Dalla macchia bassa a quella alta, il passo è breve: subentra infatti, sui costoni dell’acropoli, una vegetazione in cui – assieme a un sottobosco formato, fra l’altro, da ginestre, fìlliree, corbezzoli – predomina il leccio, essenza tipicamente mediterranea. In epoca classica il suo legno, duro e pressoché incorruttibile, era ricercato per costruzioni navali ed opere sotterranee, mentre col tannino estratto dalla corteccia si provvedeva alla concia delle pelli e del cuoio. Né mancano il carrubo, leguminosa del terziario coltivata per uso alimentare, e il pino domestico, da pinoli, caratteristico anch’esso dei climi mediterranei. La ricca fauna è rappresentata da alcuni mammiferi come il coniglio selvatico, il riccio e la volpe. Ma non illudiamoci di incontrarli durante la nostra visita: sono animali che sfuggono l’uomo. Tra gli uccelli, abbondano passeracei come la capinera, l’occhiocotto, la sterpazzola; numerose anche le cince e alcuni corvidi: la cinciarella e la cinciallegra, la gazza e la ghiandaia.

 

A nord dell’acropoli, nella piana di Licela, ad est, attorno al lago d’Averno, e a sud, dove si trova il lago Fusaro (l’antica Palus Acherusia), si estendevano zone acquitrinose e malsane, che già i greci tentarono di bonificare. Il lago di Licola è stato prosciugato soltanto agli inizi del secolo scorso, tuttavia la zona – dove fra l’altro erano necropoli che hanno restituito splendidi corredi – continua a mantenersi prevalentemente umida, grazie ai numerosi canali di scolo che l’attraversano: possiamo così osservare la tipica cannuccia di palude, la tifa, il giunco fiorito e la carice. In alcuni tratti fioriscono la salciarella, il giglio palustre e la mentuccia d’acqua.

 

Vivono in questo ambiente l’usignolo di fiume e la gallinella d’acqua, che nidifica nei canneti: da essa prese il nome la famosa Silva Gallinaria dei romani, di cui l’attuale fitto leccete rappresenta appunto un residuo. In primavera e autunno fanno sosta qui anche l’airone cenerino e la garzetta, nonché la beccaccia.
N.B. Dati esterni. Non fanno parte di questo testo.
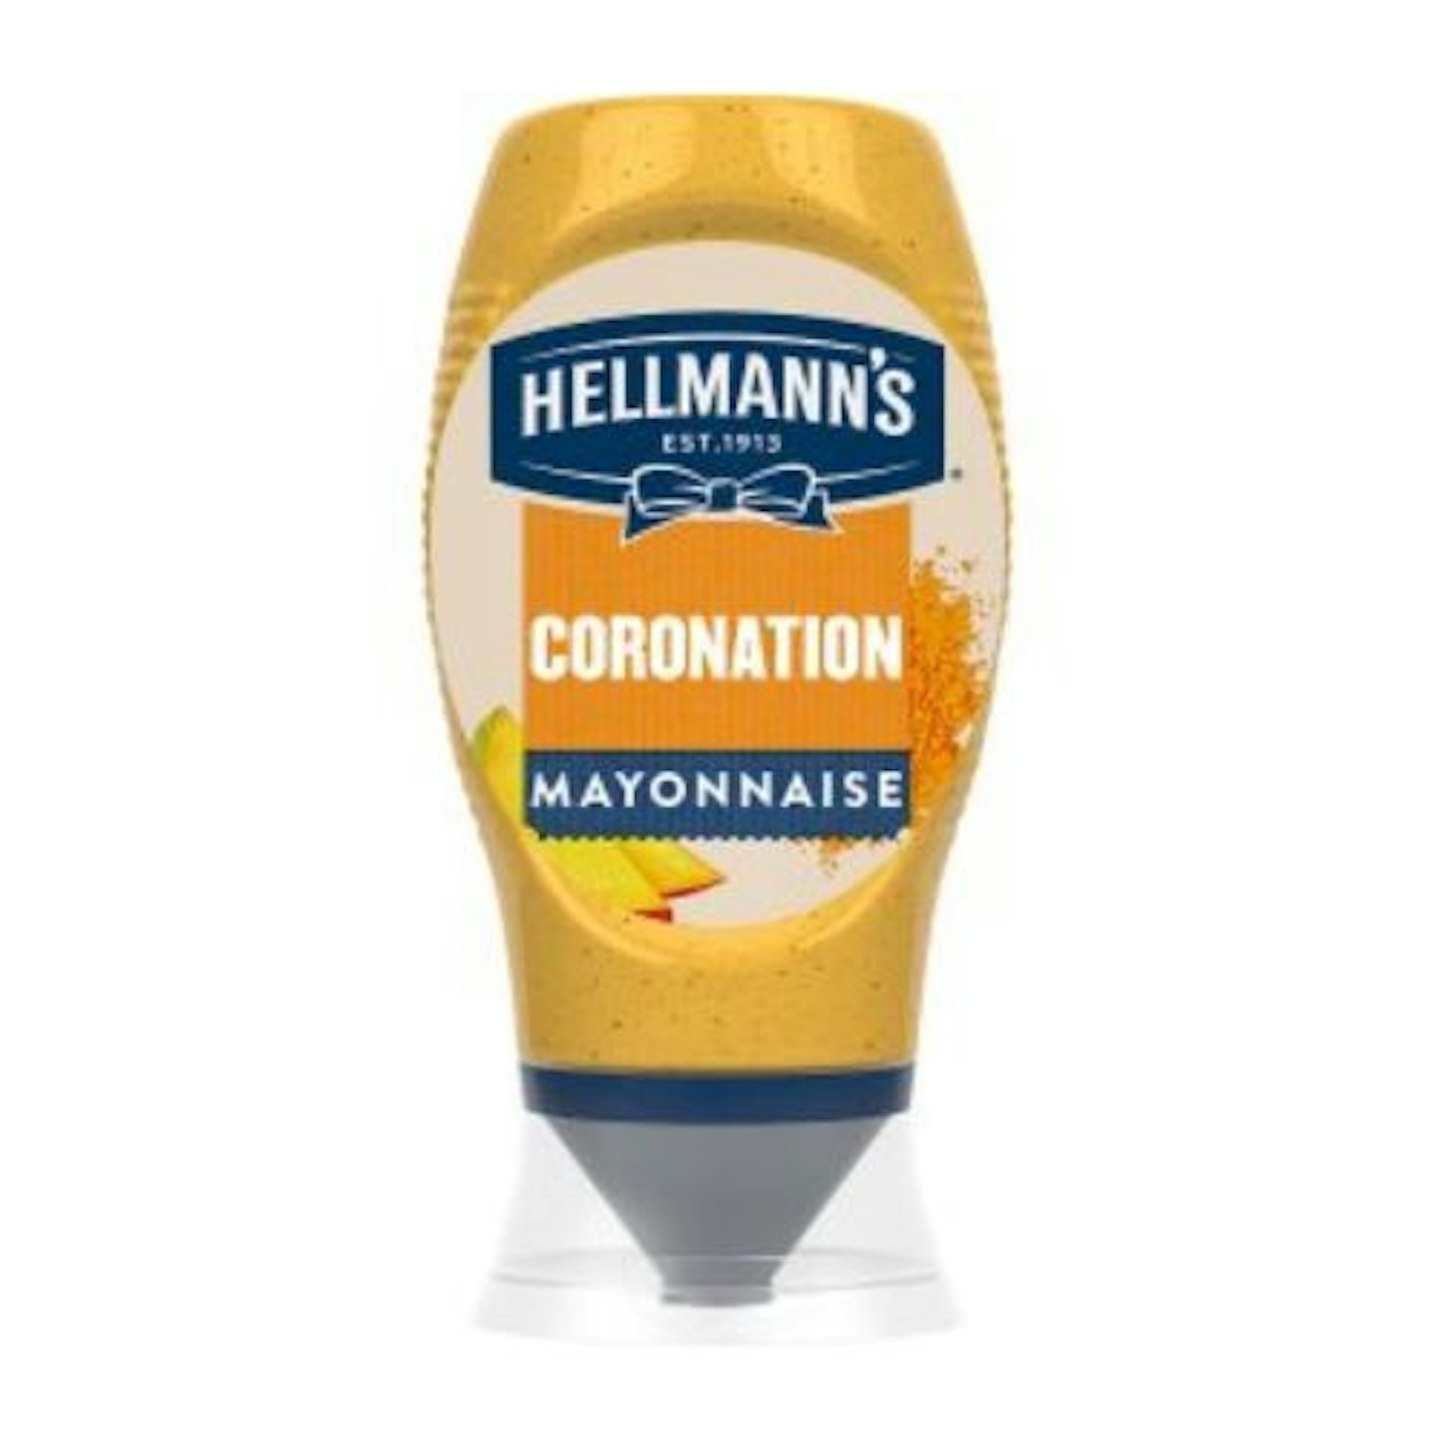 Hellmanns Coronation Mayonnaise

Naturalmente, nelle acque melmose dei canali rane verdi e bisce sguazzano ch’è un piacere. Ma oltre alla natura selvaggia c’è quella "domestica" dei campi coltivati, di orti e frutteti: anche qui si può scoprire qualcosa dell’antica Cuma. Come l’anfiteatro situato a sud, fuori dalle mura urbane, nel cui ovale prosperano, assieme ad altre colture, pacifici vigneti.